Treatments for Bad Breath in Cats
The treatment of your cat’s bad breath depends on what is causing it in the first place. Here are some of the steps that you can take.
- Bring Your Cat to the Vet
Before you do anything else, you should get in touch with your vet if the bad breath is persistent and doesn’t seem to have any obvious causes. This is especially important if you notice any other accompanying symptoms to cat bad breath and sneezing like red gums, teeth stains, excessive drooling, loss of appetite, or sudden weight loss. Bear in mind that many cats tend to hide when they are in pain or discomfort, so you will need to observe them closely to see if they are in pain.
Treatment will depend if they diagnose anything wrong. Whatever the case, you will be able to get peace of mind or you get treatment started at the earliest possible opportunity, which is the best way of helping your cat get back to the peak of health. If they don’t diagnose anything specifically wrong with your pet, they should be able to provide you with some advice on how to stop the issue from reoccurring.
- Cleaning Their Teeth
If your cat has no other medical issues, in many cases, bad breath can be treated by giving your cat’s teeth a good brush. Many owners don’t look after their cat’s oral hygiene properly, which will inevitably lead to periodontal disease at some point down the line. You will need some special cat toothbrushes and toothpaste. Avoid using brushes designed for humans as they will be too hard for your cat’s teeth. You can either get finger brushes or those designed in a traditional shape. You also need to use special toothpaste too as the human kind can be toxic if swallowed, and cats will not know how to spit it out!

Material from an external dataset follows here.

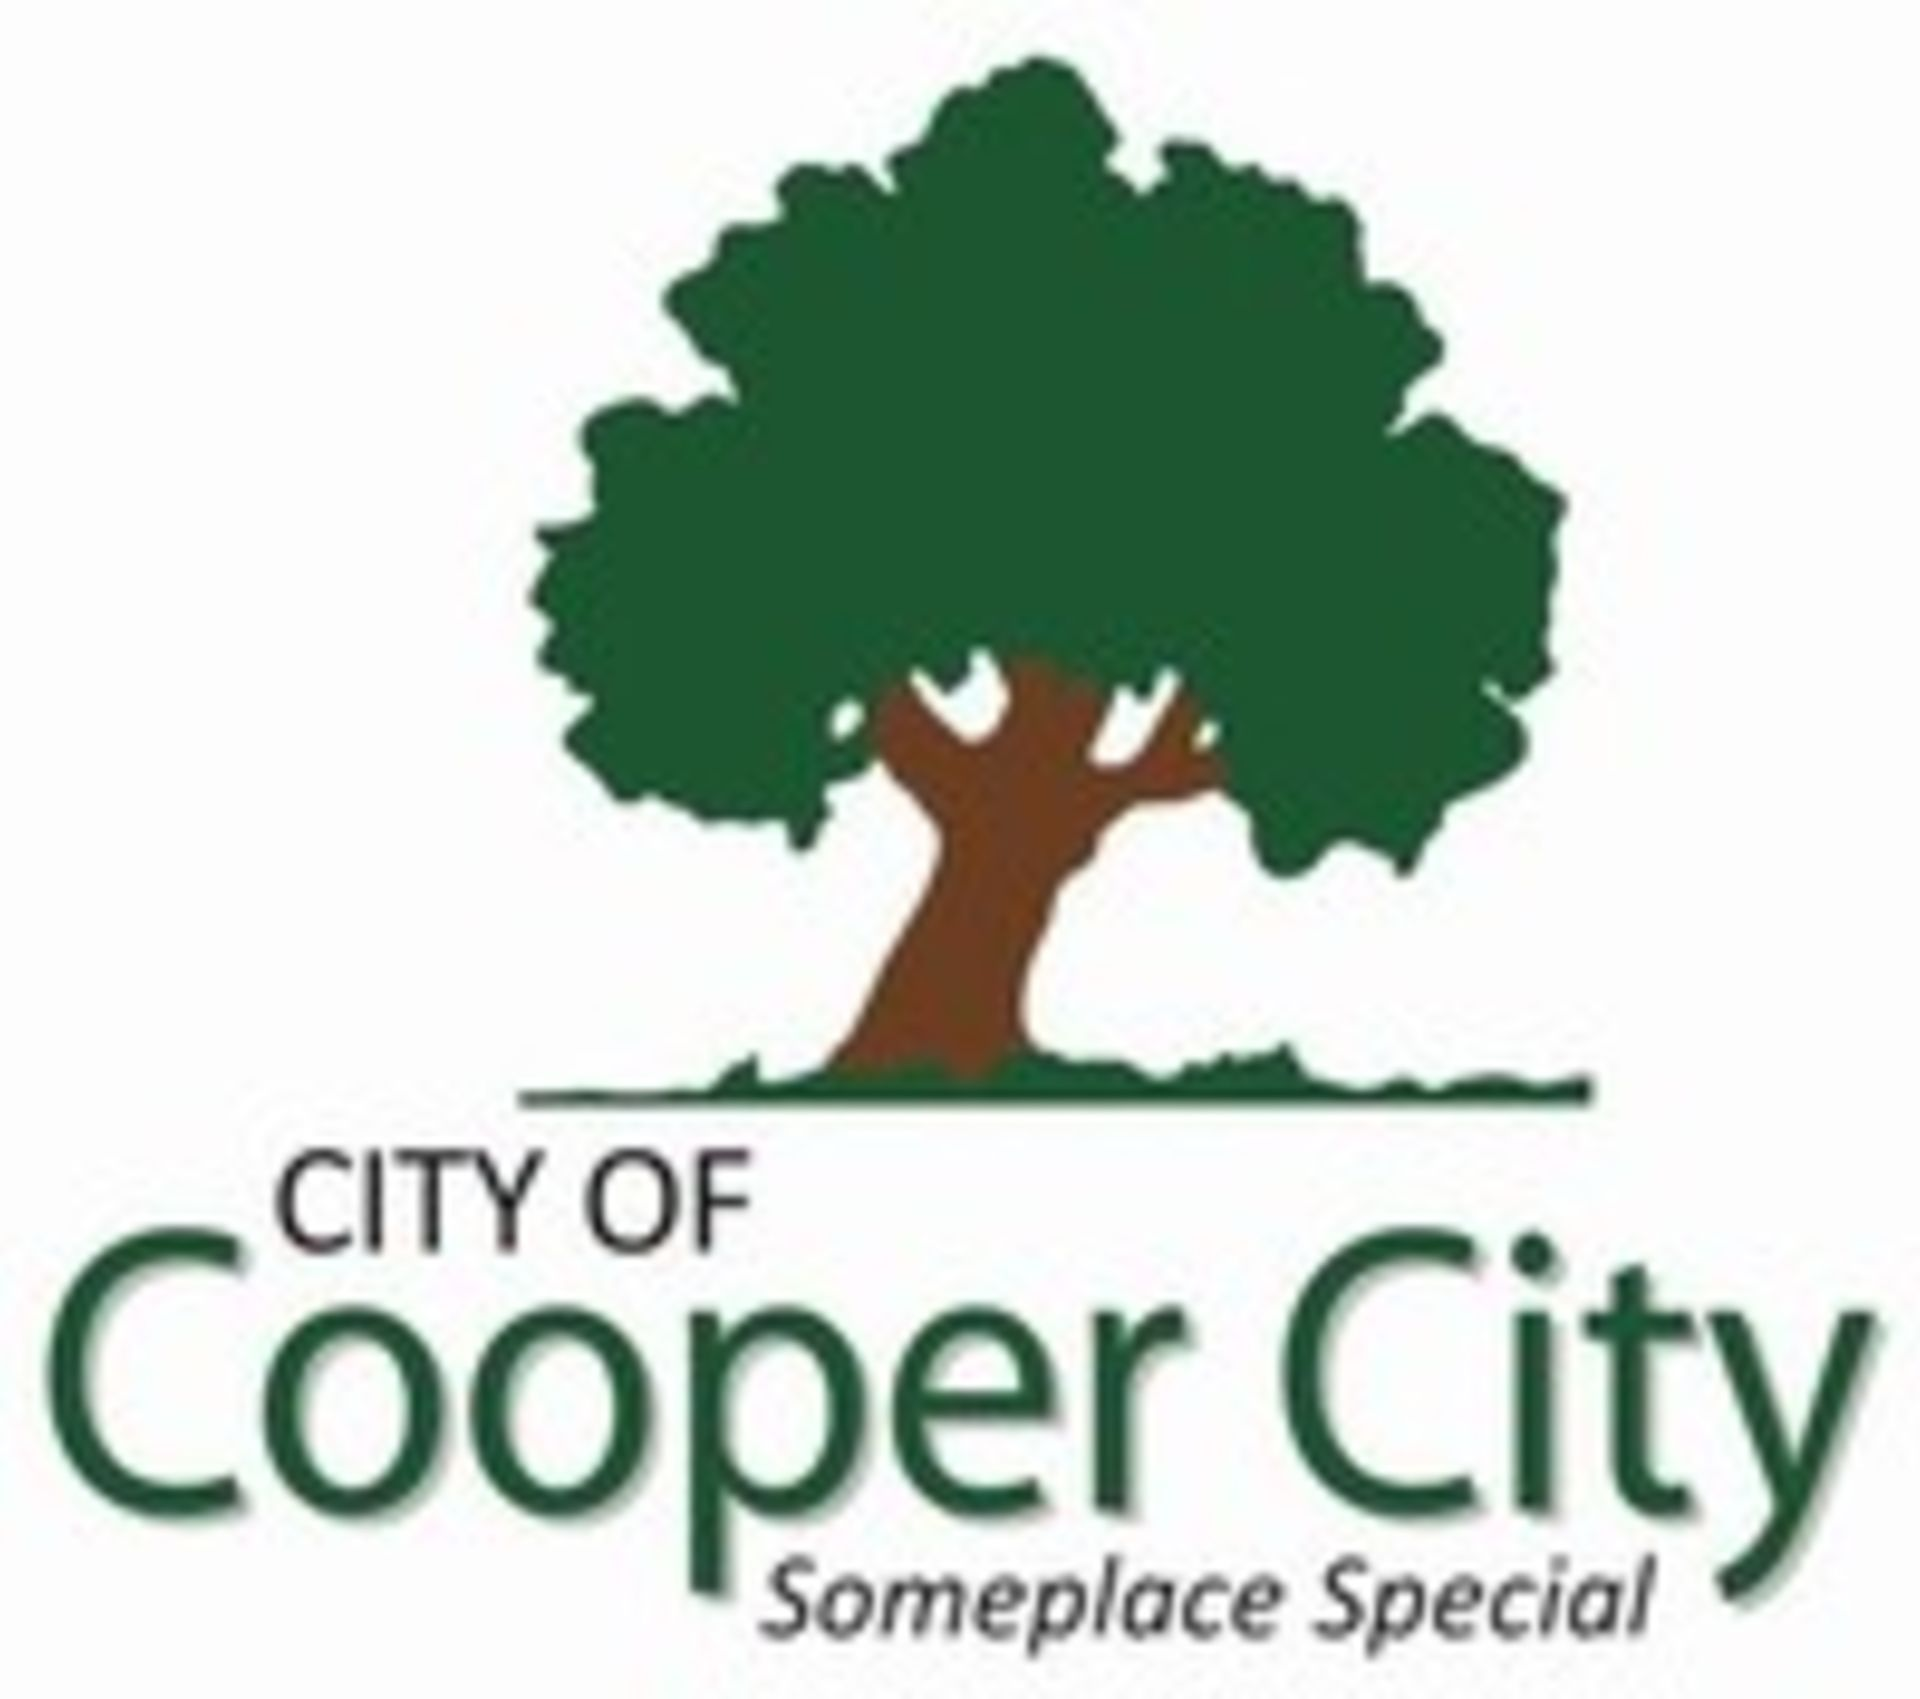 How's Life in Cooper City?

It is best if you get into this habit when your cat is young as it can be harder to get them to cooperate when they are older. Either way, you are going to need to display plenty of patience and persistence to have success. You should try doing this at a similar time every day as cats are creatures of habit who don’t like big surprises if they can be avoided. If your kitten has bad breath, you don’t need to brush their milk teeth, but you can touch their teeth early to get them used to it.
- Use Other Ways to Maintain Oral Health
If you can’t brush your cat’s teeth, you could try other products such as oral hygiene gels or dental chews. Since your cat can’t look after their own oral health, you should make some sort of effort to keep on top of it in any way that you can.
- Change of Diet
If the cause of the cat bad breath is food-related, you could always shift your kitty onto different food types. Often, it is fishy food that is the problem, so you could try something more meat-based instead. Feeding your cat some dry food from time to time can also be useful in preventing plaque buildup and battling one of the leading causes of bad breath. But if your cat is on a mainly dry food diet, you should ensure that they have plenty of water left down as this ensures that they stay hydrated.

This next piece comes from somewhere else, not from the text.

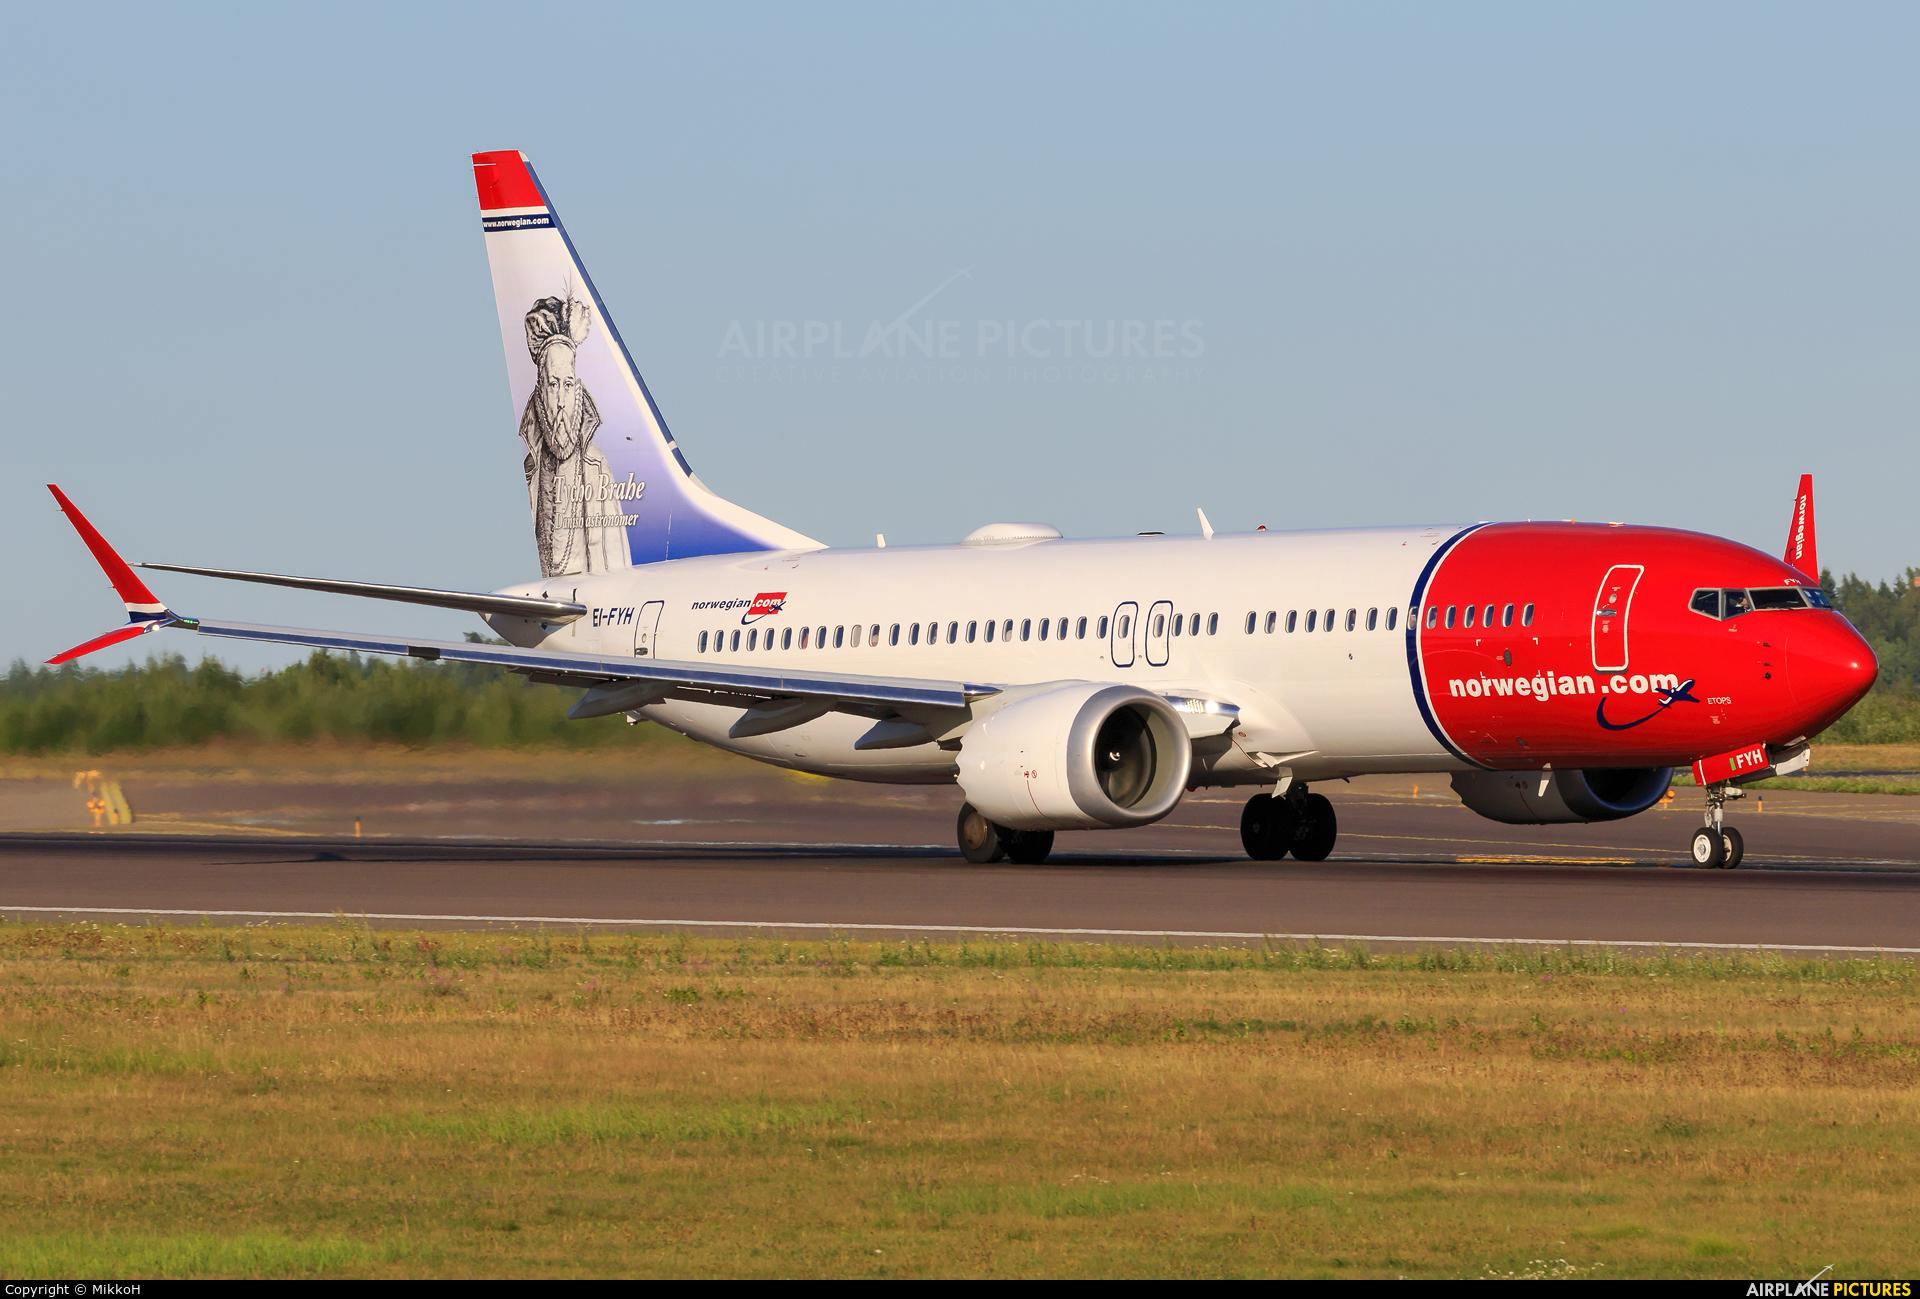 Norwegian Air Shuttle EI-FYH aircraft at Helsinki - Vantaa

Recovery of Bad Breath in Cats
We can’t say conclusively how long it is going to take your cat to recover from a case of bad breath. It largely depends on what is causing the problem. If it is down to plaque stuck under the gums, this can be treated quickly with a professional tooth cleaning. However, if it is a more serious condition like liver or kidney disease, it is going to take a lot longer to solve. In some cases, the issue could be life-threatening.

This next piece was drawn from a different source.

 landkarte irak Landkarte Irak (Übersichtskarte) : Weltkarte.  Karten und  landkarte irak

Most cats suffer from bad breath from time to time. Often, it is just due to what they have eaten, but there are some occasions when it could be a sign that a more serious issue is at work. A checkup by a veterinarian will help to clarify what is causing the problem. It could be that your cat needs to be booked in for a professional tooth cleaning session. If there is a more serious issue, an antibiotic or medication may be required. Make sure that you don’t dismiss the problem if you notice it on a continual basis.